## Exercise objective
Your reply should reproduce the data below without a single alteration, apart from dropping the images.
START Data provided
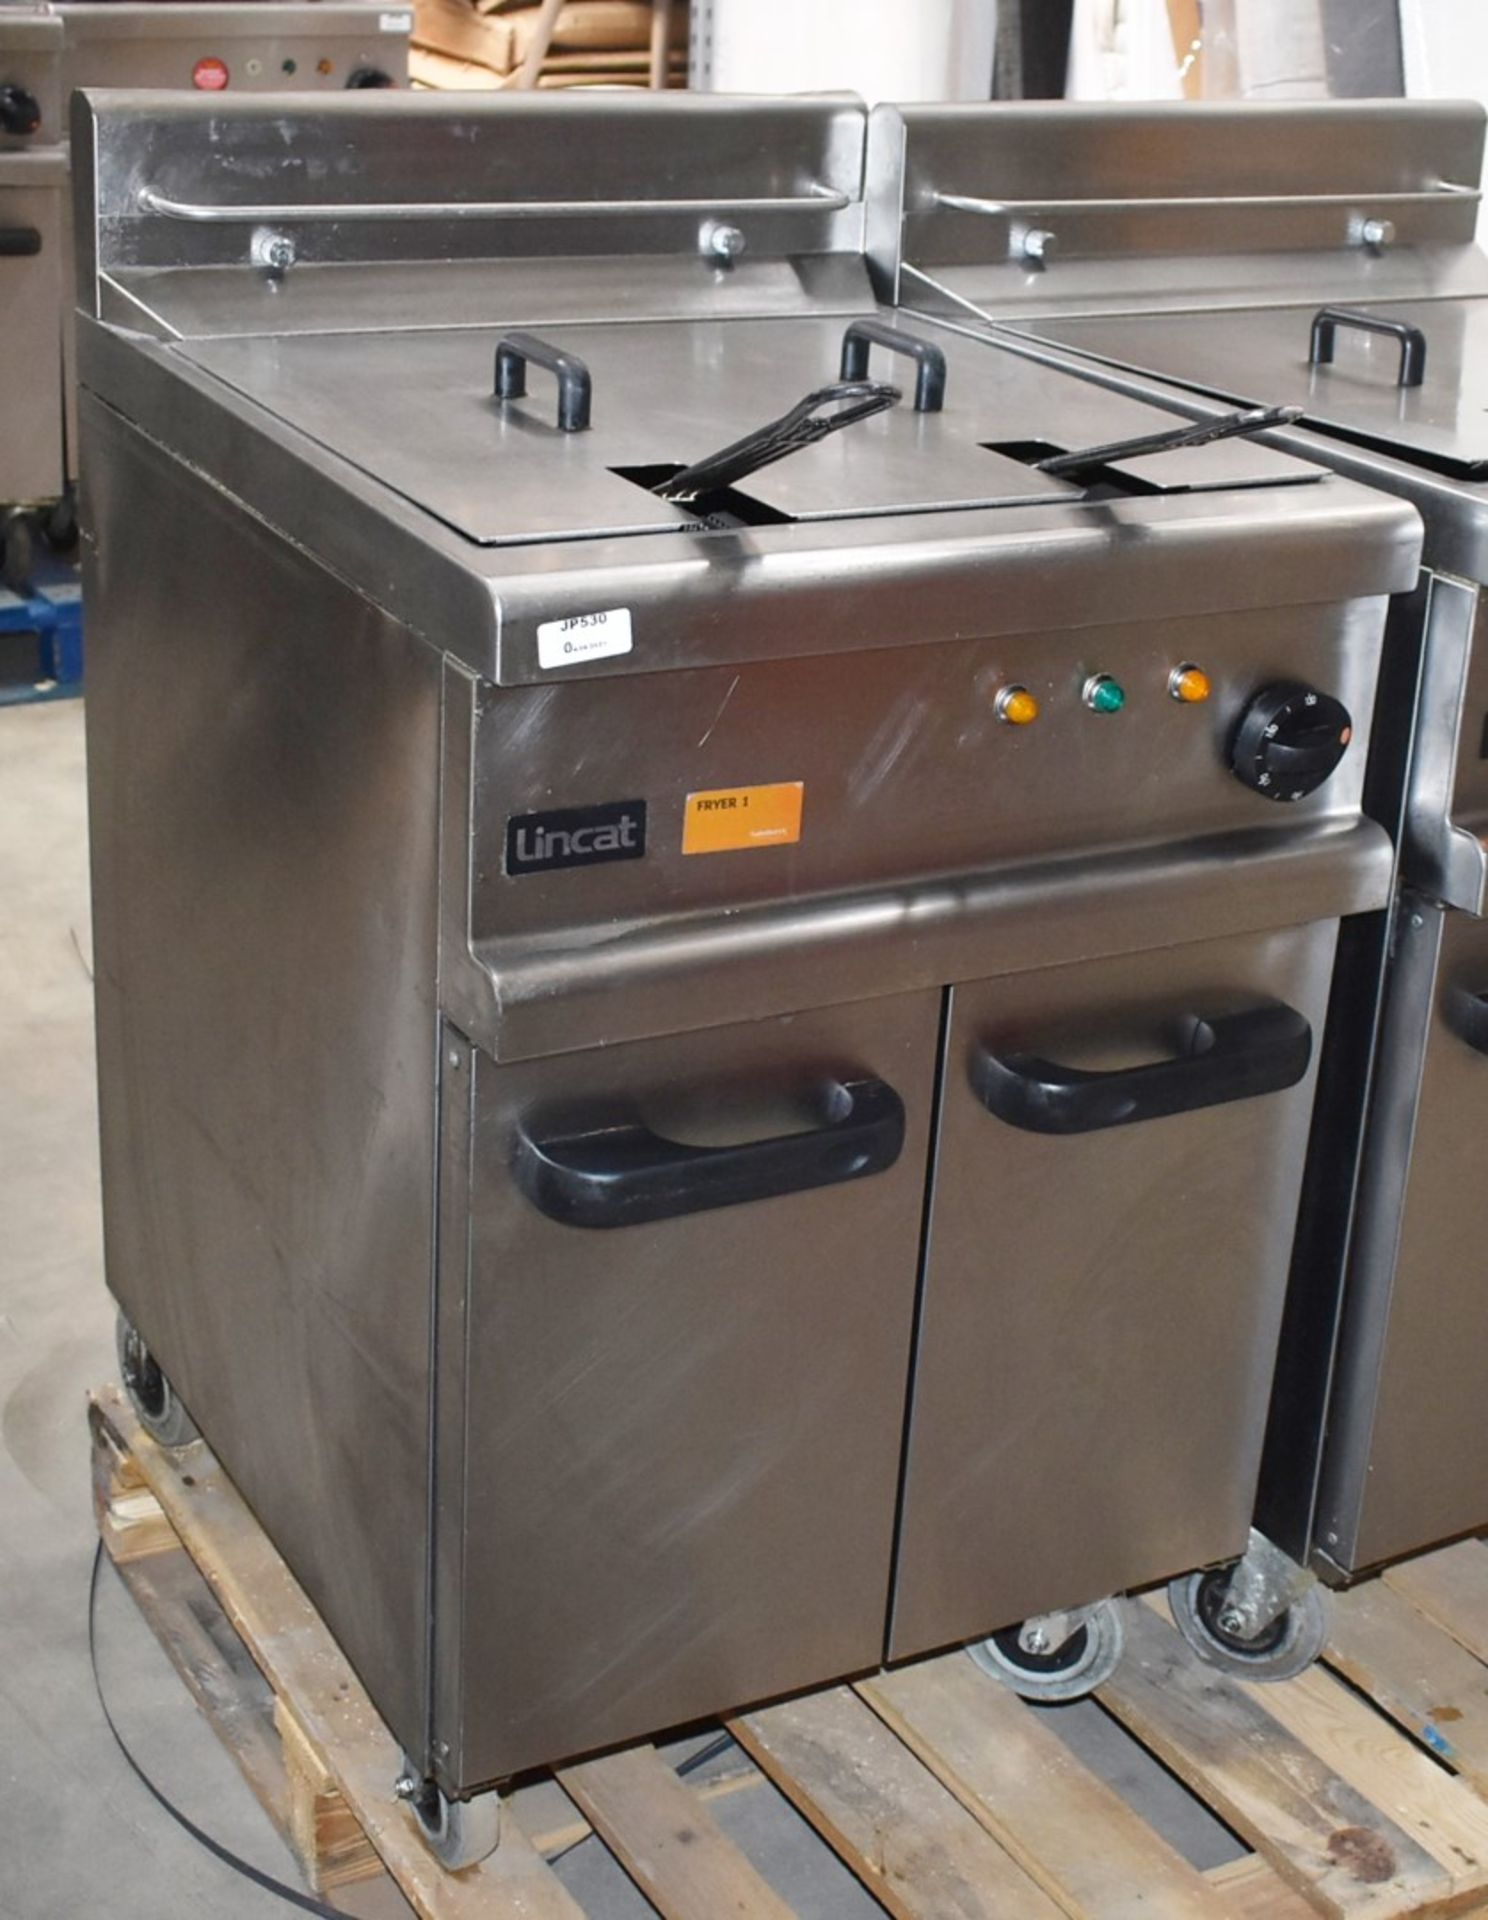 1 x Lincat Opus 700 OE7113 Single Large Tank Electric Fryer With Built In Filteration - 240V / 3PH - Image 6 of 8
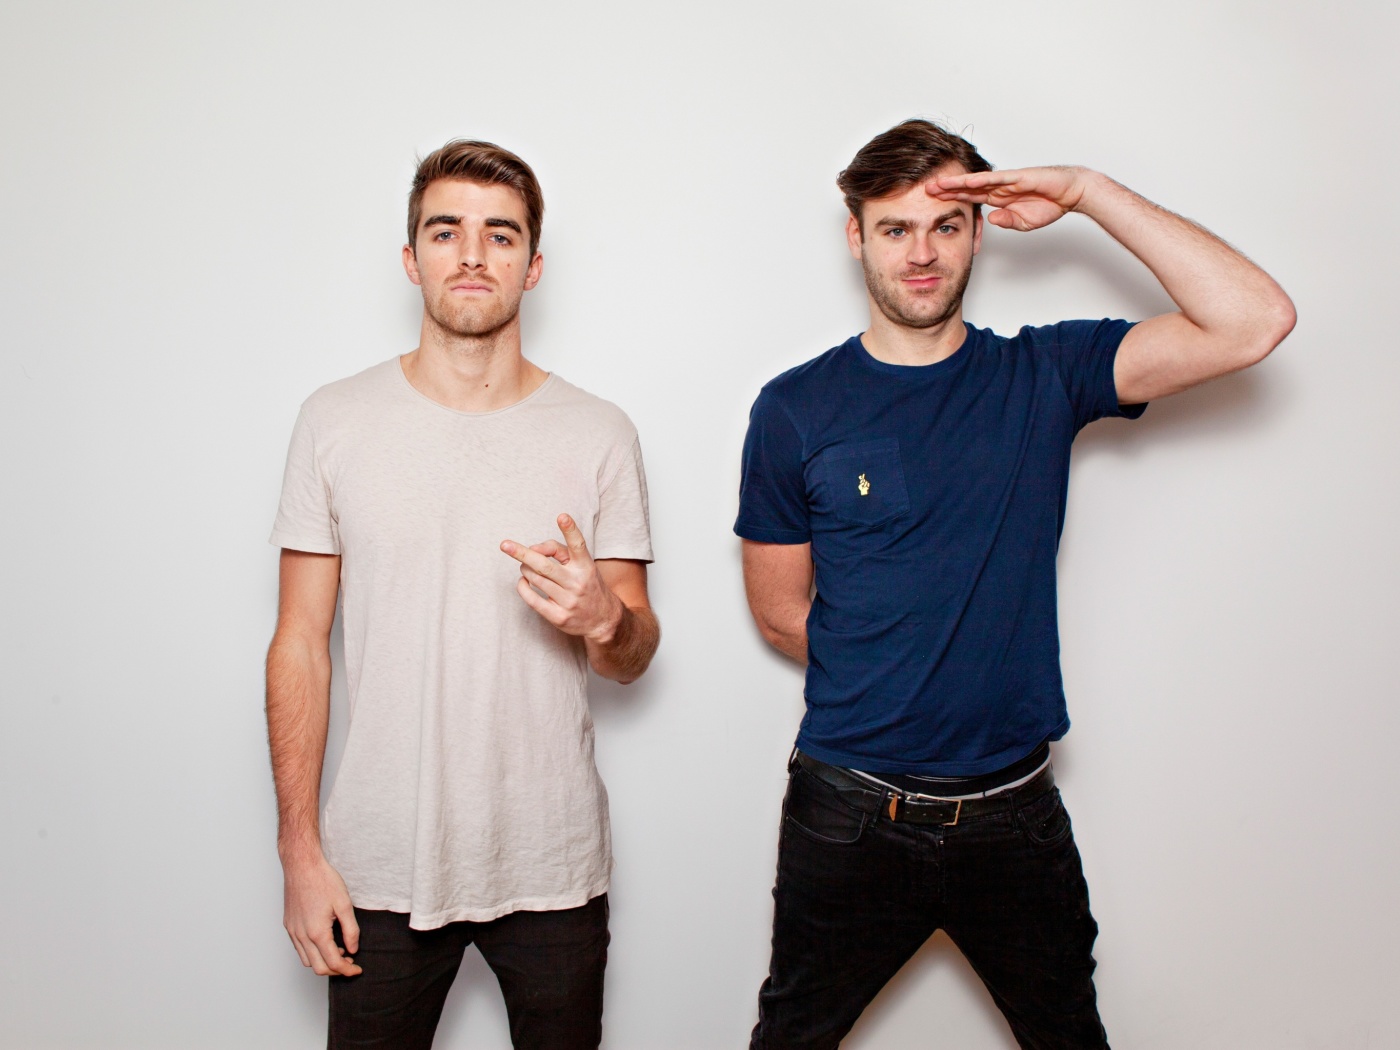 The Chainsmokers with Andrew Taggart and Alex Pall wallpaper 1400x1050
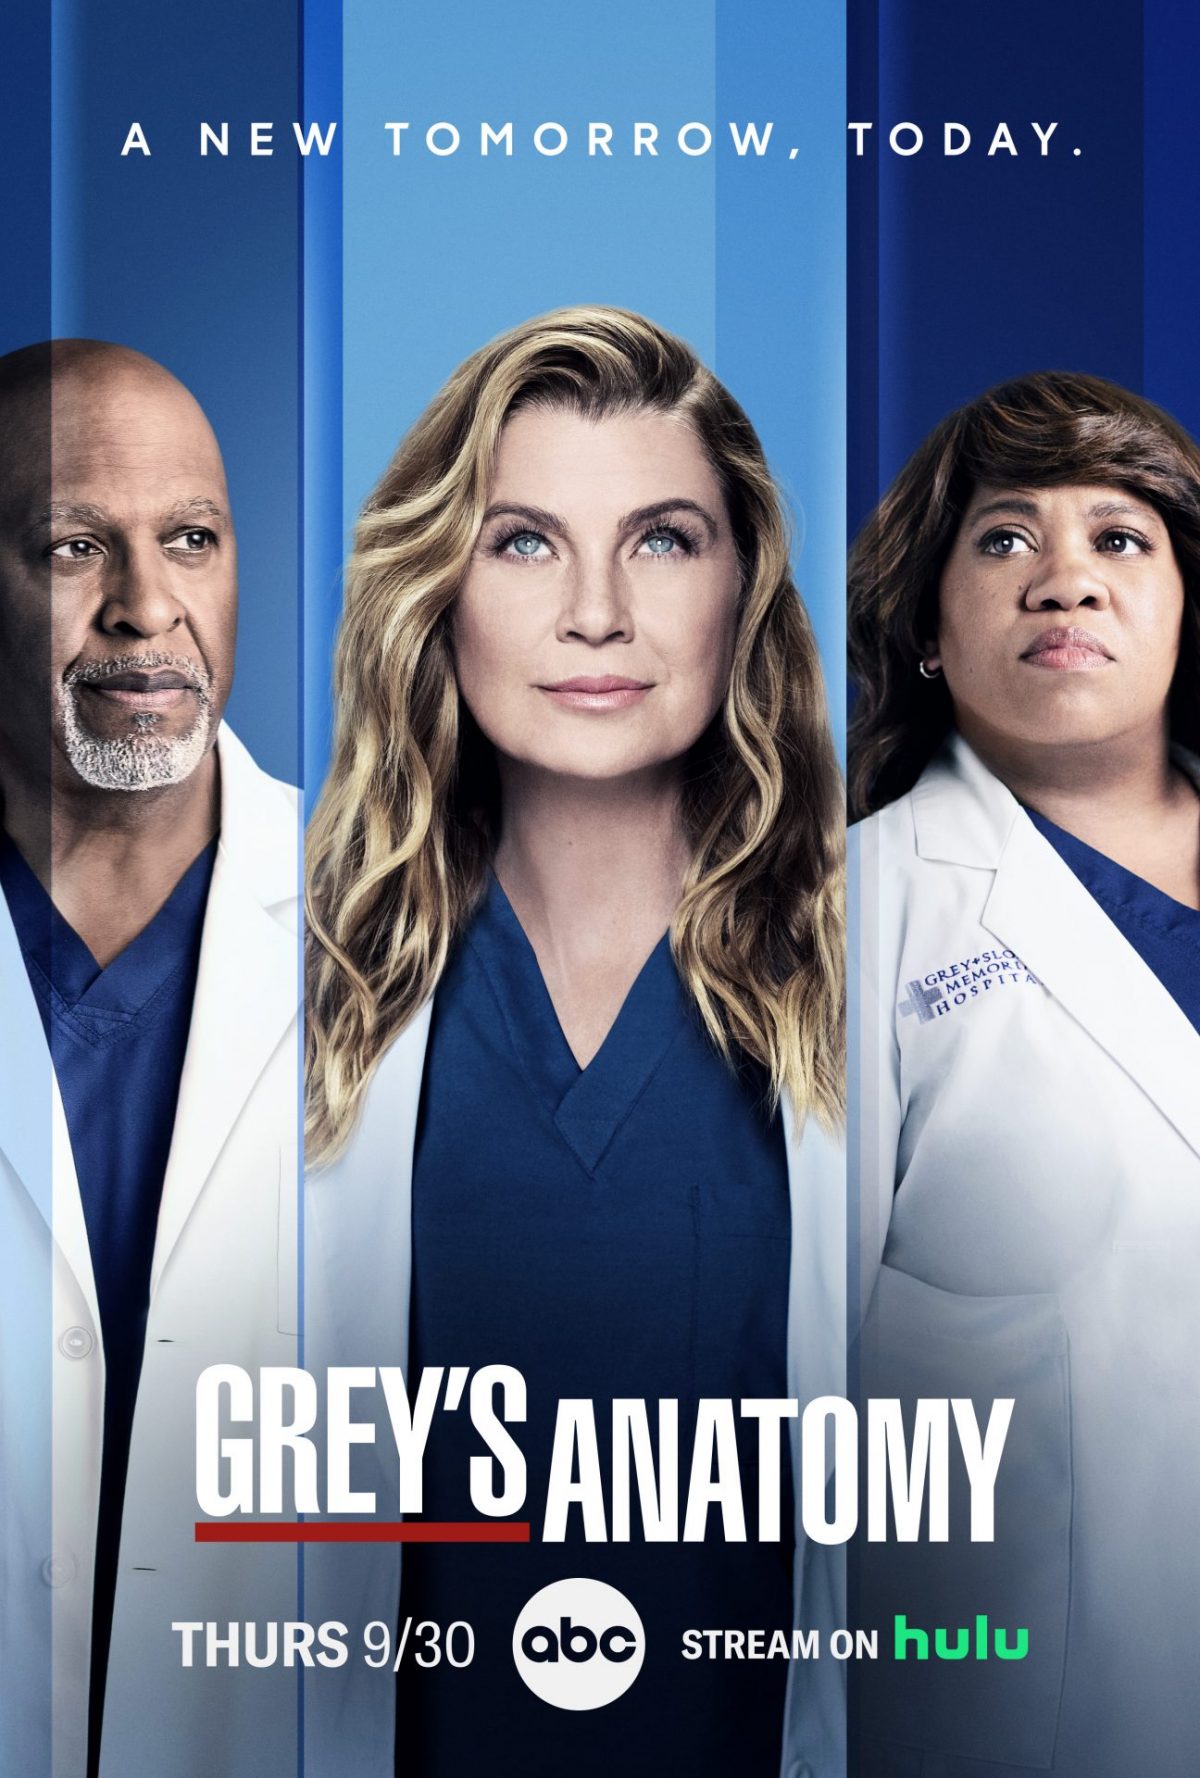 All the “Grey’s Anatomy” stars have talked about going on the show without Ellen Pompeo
END Data provided
## Answer box
 1 x Lincat Opus 700 OE7113 Single Large Tank Electric Fryer With Built In Filteration - 240V / 3PH - Image 6 of 8
 The Chainsmokers with Andrew Taggart and Alex Pall wallpaper 1400x1050
 All the “Grey’s Anatomy” stars have talked about going on the show without Ellen Pompeo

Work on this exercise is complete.